Participants in the study were 1,086 mother-adult offspring pairs (59% female) from the New England Family Study, a 40-year longitudinal follow-up of the Collaborative Perinatal Project. At each prenatal visit, the researchers prospectively assessed maternal smoking during pregnancy. Assessments of maternal cortisol, testosterone, and the nicotine metabolite cotinine were analyzed from third-trimester maternal sera. Structured interviews were used to evaluate lifetime nicotine dependence of offspring.

Based on the data from 4 decades, the researchers found significant bivariate associations for maternal smoking during pregnancy/cotinine and lifetime nicotine dependence and maternal cortisol and lifetime nicotine dependence in daughters only.

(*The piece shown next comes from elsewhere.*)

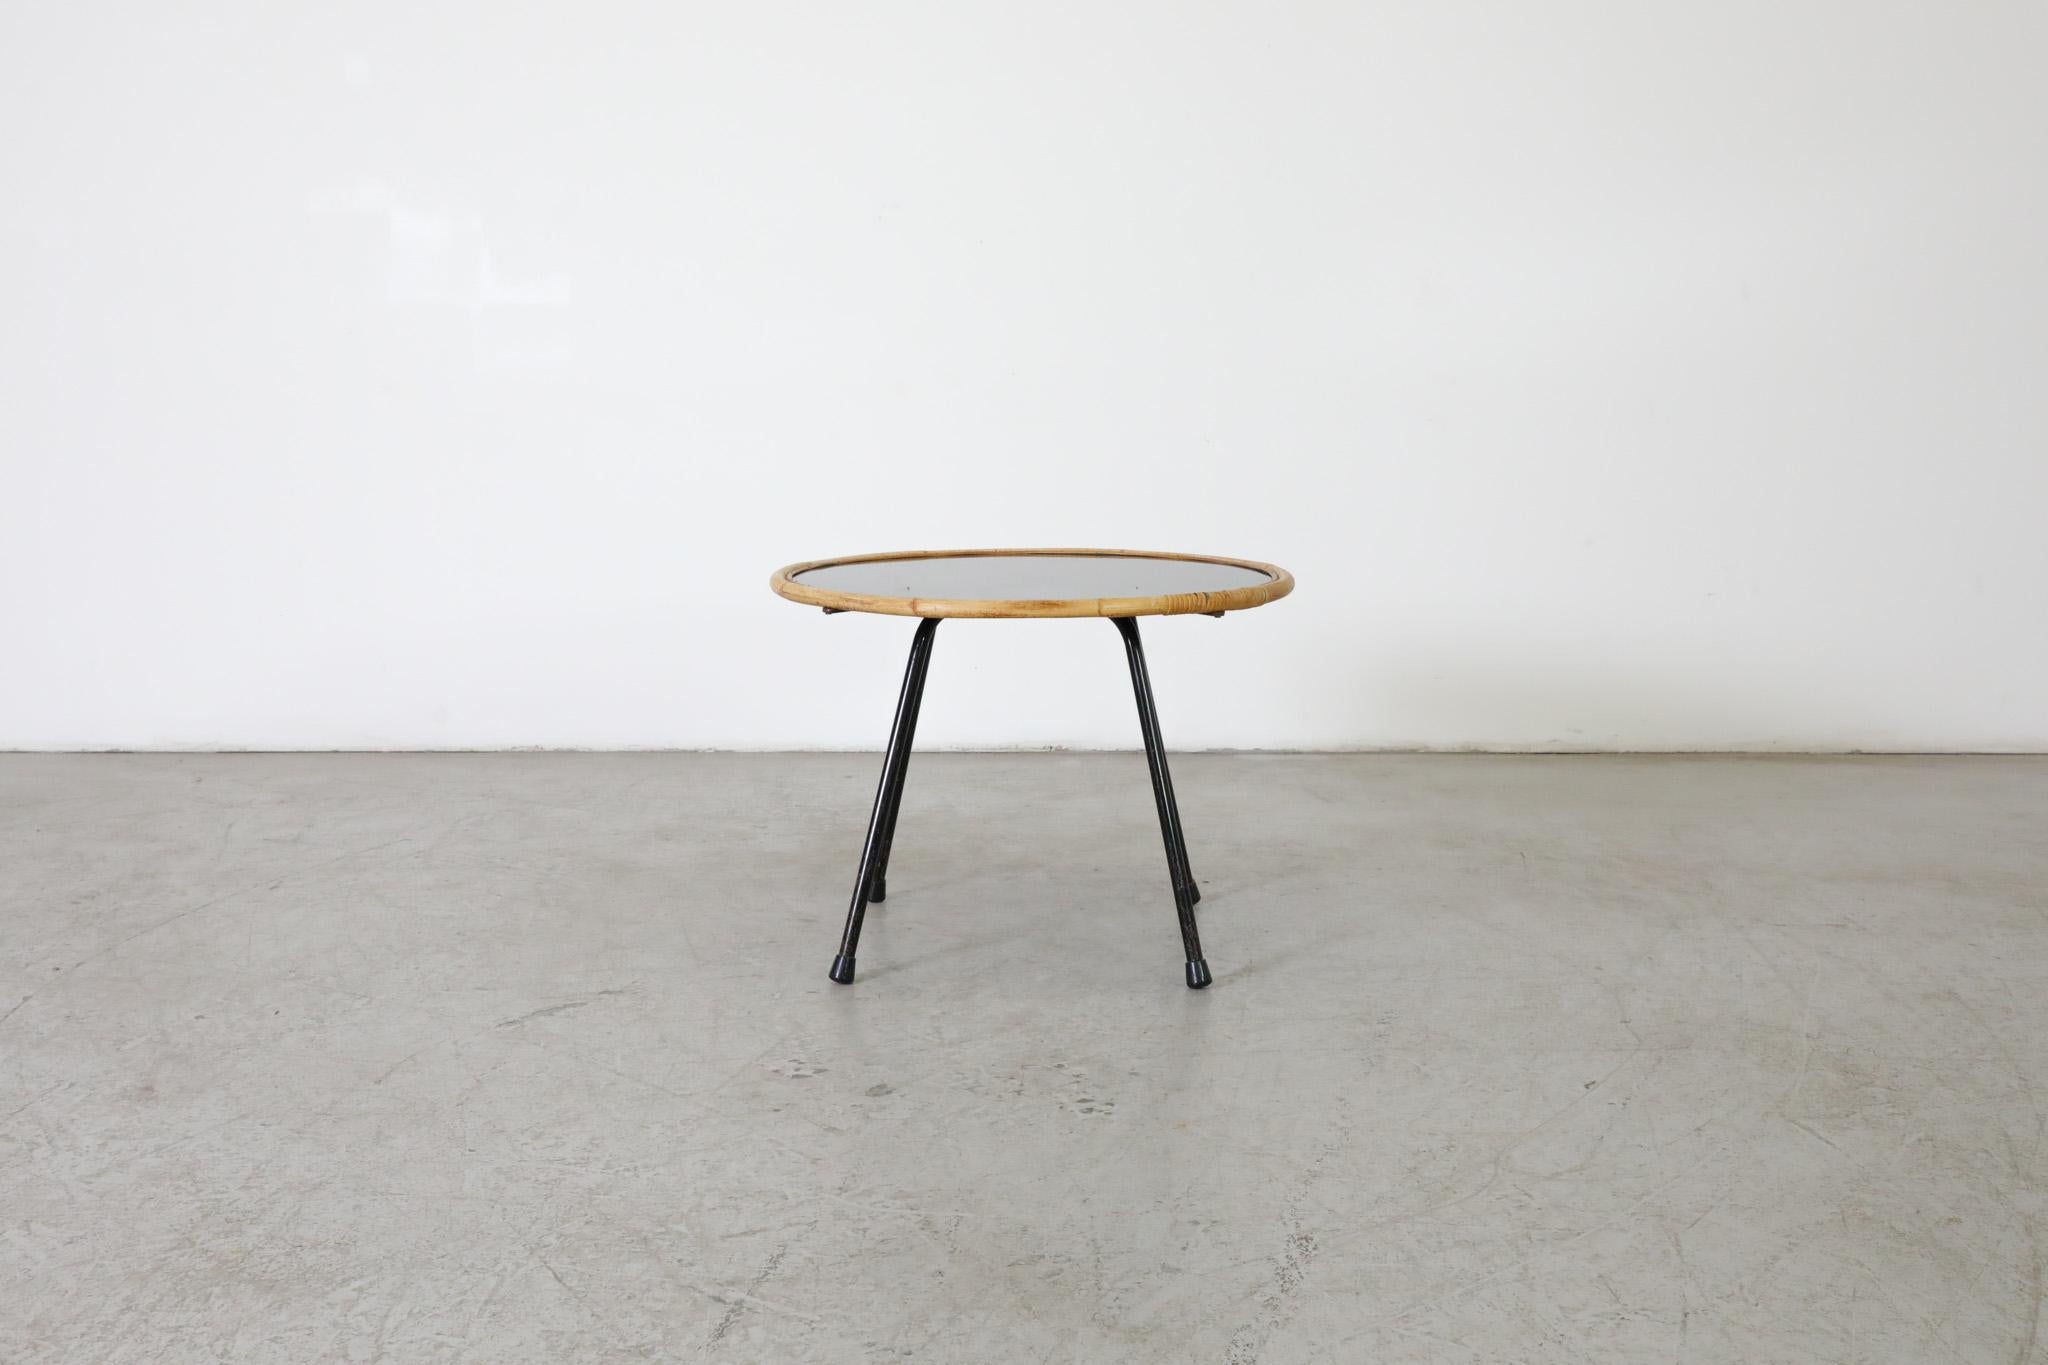 Attractive Mid-Century side table with a unique combination of a black glass top, black enameled metal frame and hand-woven bamboo rim. Stylish and sleek light weight side table Attributed to Dutch Mid-Century designer Dirk van Sliedregt, 1960s. A
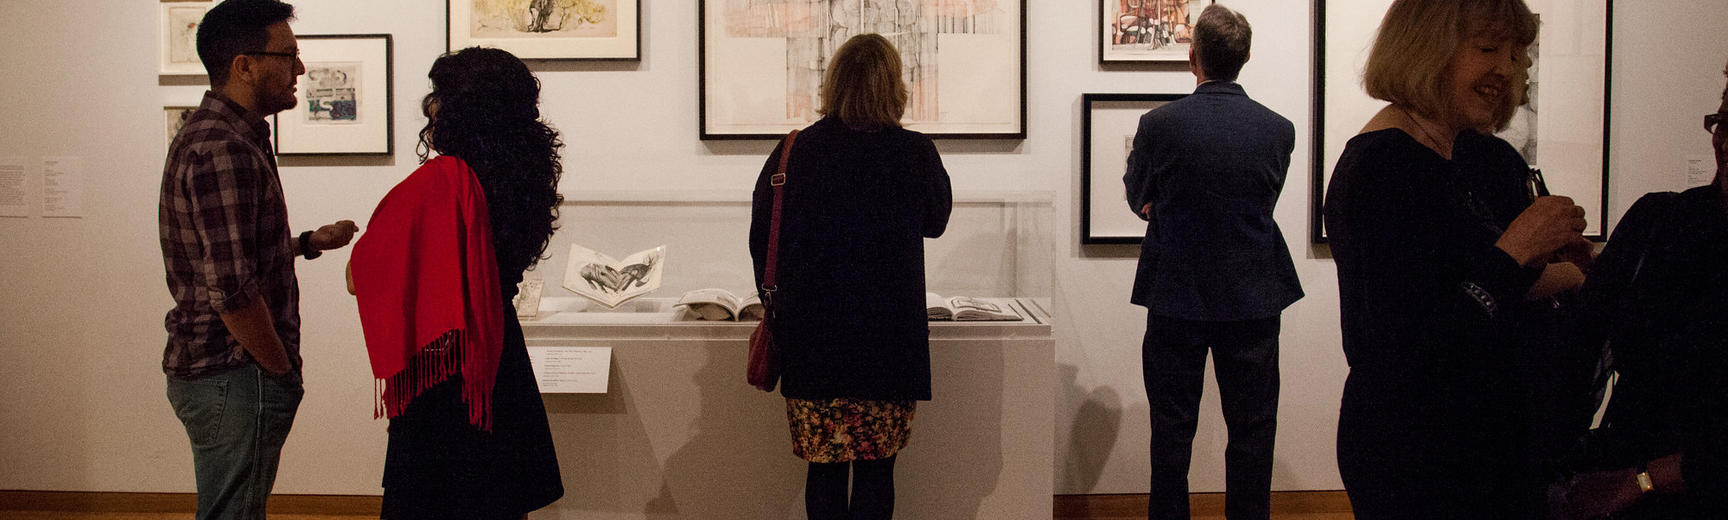 An image of a visitors looking at artwork in a museum gallery

Increased odds of lifetime nicotine dependence in daughters were significantly and independently associated with increased maternal cortisol and maternal smoking during pregnancy/cotinine. Cortisol did not mediate the maternal smoking during pregnancy/nicotine dependence relationship and no associations were seen between maternal testosterone and offspring nicotine dependence.

The results, the researchers said, are the first evidence supporting prenatal programming of adult nicotine dependence over 40 years in daughters only. They reveal that two independent pathways lead to increased risk of nicotine dependence in daughters: elevated prenatal glucocorticoids and maternal smoking during pregnancy/nicotine exposure.